[Pacemaker] Cluster Refuses to Stop/Shutdown
Andrew Beekhof
andrew at beekhof.net
Tue Oct 6 14:20:58 UTC 2009
I could re-paste the whole thing, but its easier to just throw up the link:
http://theclusterguy.clusterlabs.org/post/205886990/advisory-dont-use-pacemaker-on-corosync-yet
On Thu, Sep 24, 2009 at 4:56 PM, Remi Broemeling <remi at nexopia.com> wrote:
> I posted this to the OpenAIS Mailing List (
> openais at lists.linux-foundation.org) yesterday, but haven't received a
> response and upon further reflection I think that maybe I chose the wrong
> list to post it to. That list seems to be far less about user support and
> far more about developer communication. Therefore re-trying here, as the
> archives show it to be somewhat more user-focused.
>
> The problem is that I'm having an issue with corosync refusing to shutdown
> in response to a QUIT signal. Given the below cluster (output of crm_mon):
>
> ============
> Last updated: Wed Sep 23 15:56:24 2009
> Stack: openais
> Current DC: boot1 - partition with quorum
> Version: 1.0.5-3840e6b5a305ccb803d29b468556739e75532d56
> 2 Nodes configured, 2 expected votes
> 0 Resources configured.
> ============
>
> Online: [ boot1 boot2 ]
>
> If I go onto the host 'boot2', and issue the command "killall -QUIT
> corosync", the anticipated result would be that boot2 would go offline (out
> of the cluster), and all of the cluster processes
> (corosync/stonithd/cib/lrmd/attrd/pengine/crmd) would shut-down. However,
> this is not occurring, and I don't really have any idea why. After logging
> into boot2, and issuing the command "killall -QUIT corosync", the result is
> a split-brain:
>
> From boot1's viewpoint:
> ============
> Last updated: Wed Sep 23 15:58:27 2009
> Stack: openais
> Current DC: boot1 - partition WITHOUT quorum
> Version: 1.0.5-3840e6b5a305ccb803d29b468556739e75532d56
> 2 Nodes configured, 2 expected votes
> 0 Resources configured.
> ============
>
> Online: [ boot1 ]
> OFFLINE: [ boot2 ]
>
> From boot2's viewpoint:
> ============
> Last updated: Wed Sep 23 15:58:35 2009
> Stack: openais
> Current DC: boot1 - partition with quorum
> Version: 1.0.5-3840e6b5a305ccb803d29b468556739e75532d56
> 2 Nodes configured, 2 expected votes
> 0 Resources configured.
> ============
>
> Online: [ boot1 boot2 ]
>
> At this point the status quo holds until such time as ANOTHER QUIT signal
> is sent to corosync, (i.e. the command "killall -QUIT corosync" is executed
> on boot2 again).
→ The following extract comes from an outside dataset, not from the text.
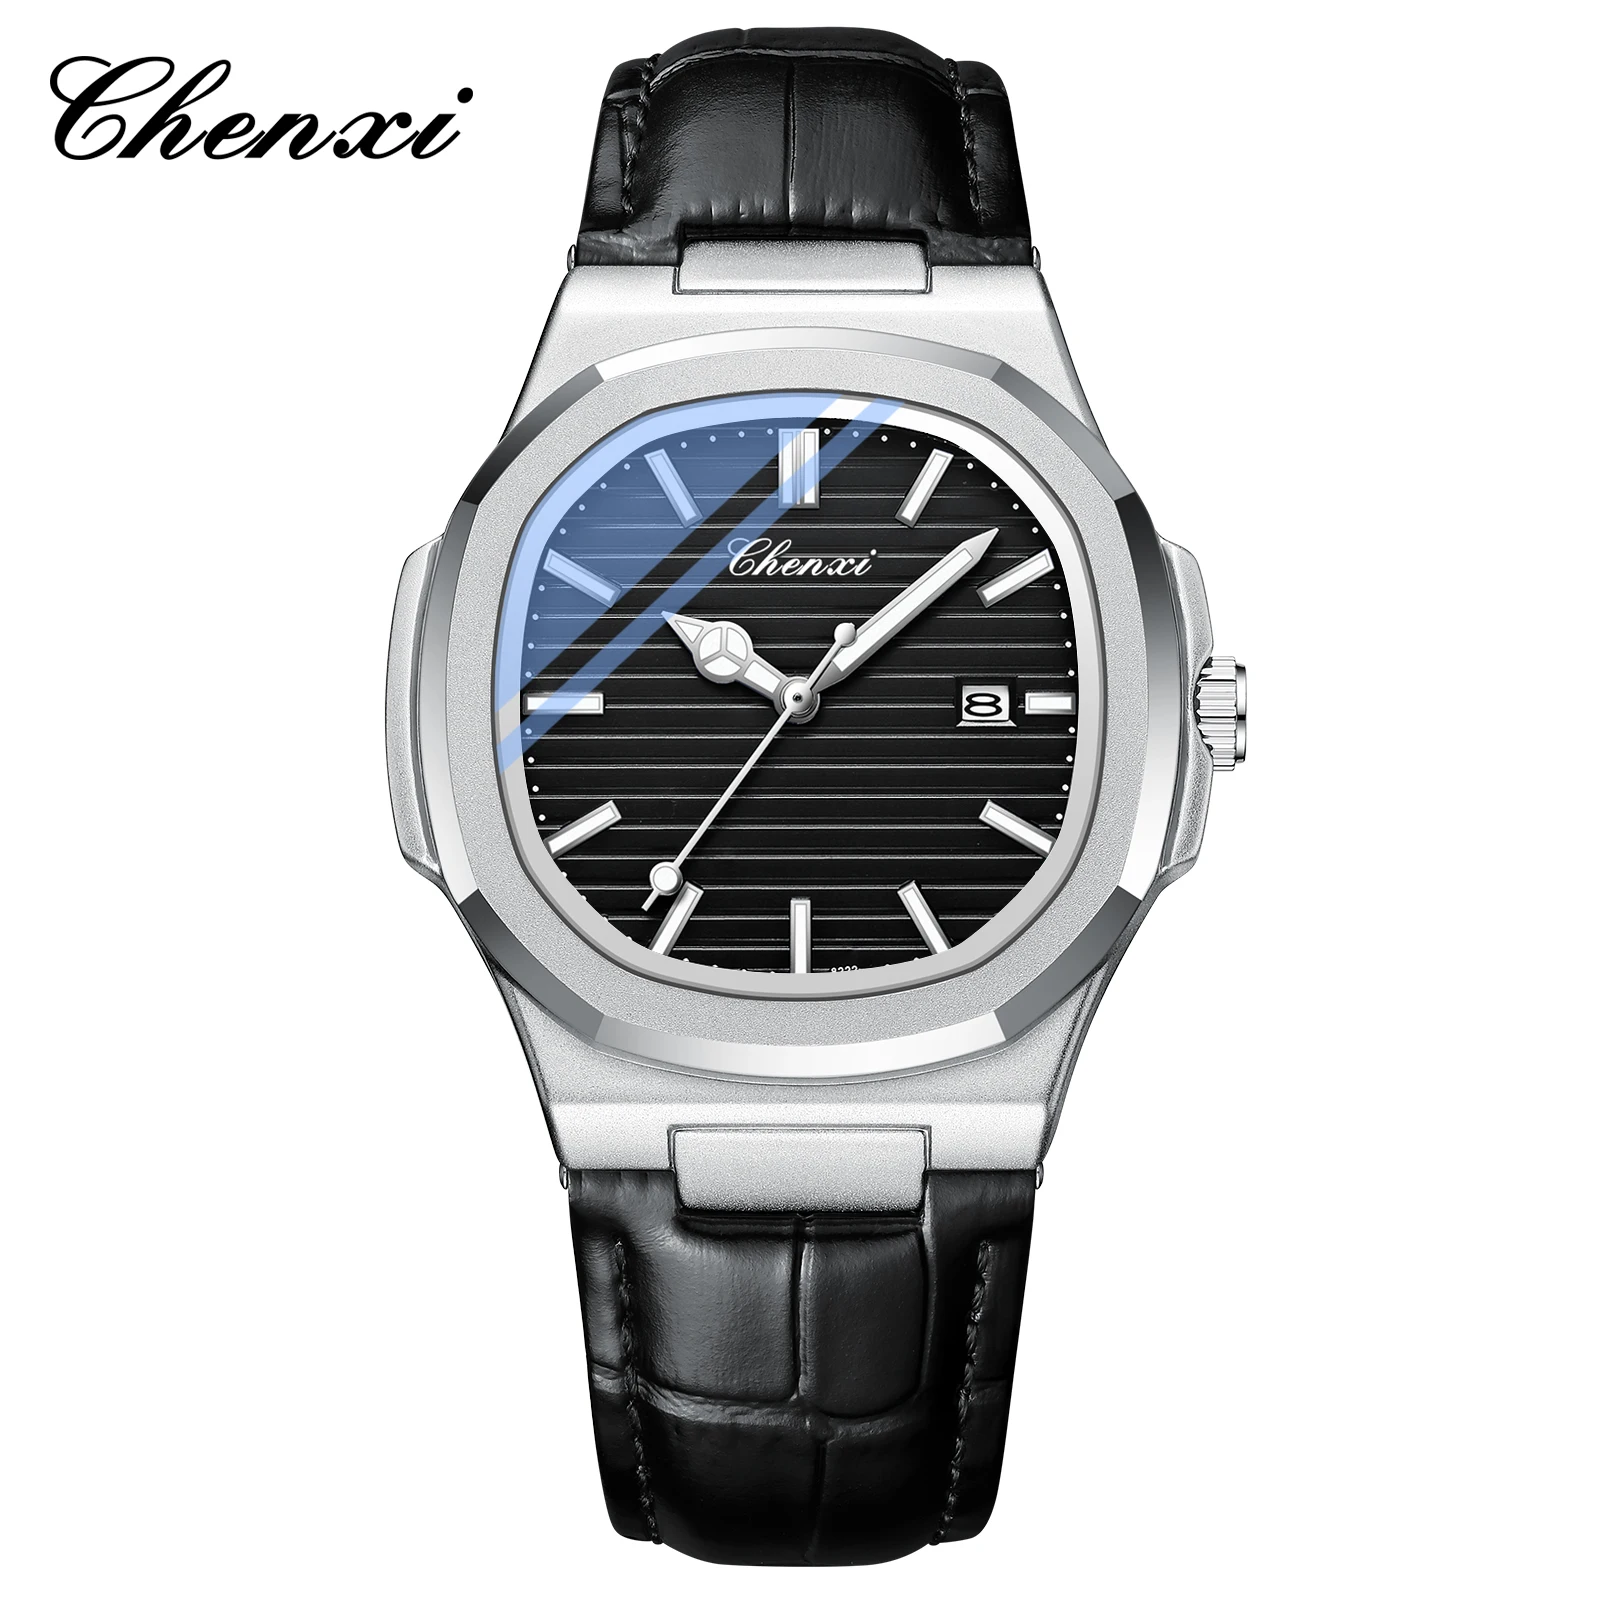 

CHENXI 8222 Top Brand Popular design Mens Date Sport Watches Luxury Waterproof Watch Quartz Wristwatches Relogio Masculino

Then, boot2 shuts down properly and everything appears to
> be kosher. Basically, what I expect to happen after a single QUIT signal is
> instead taking two QUIT signals to occur; and that summarizes my question:
> why does it take two QUIT signals to force corosync to actually shutdown?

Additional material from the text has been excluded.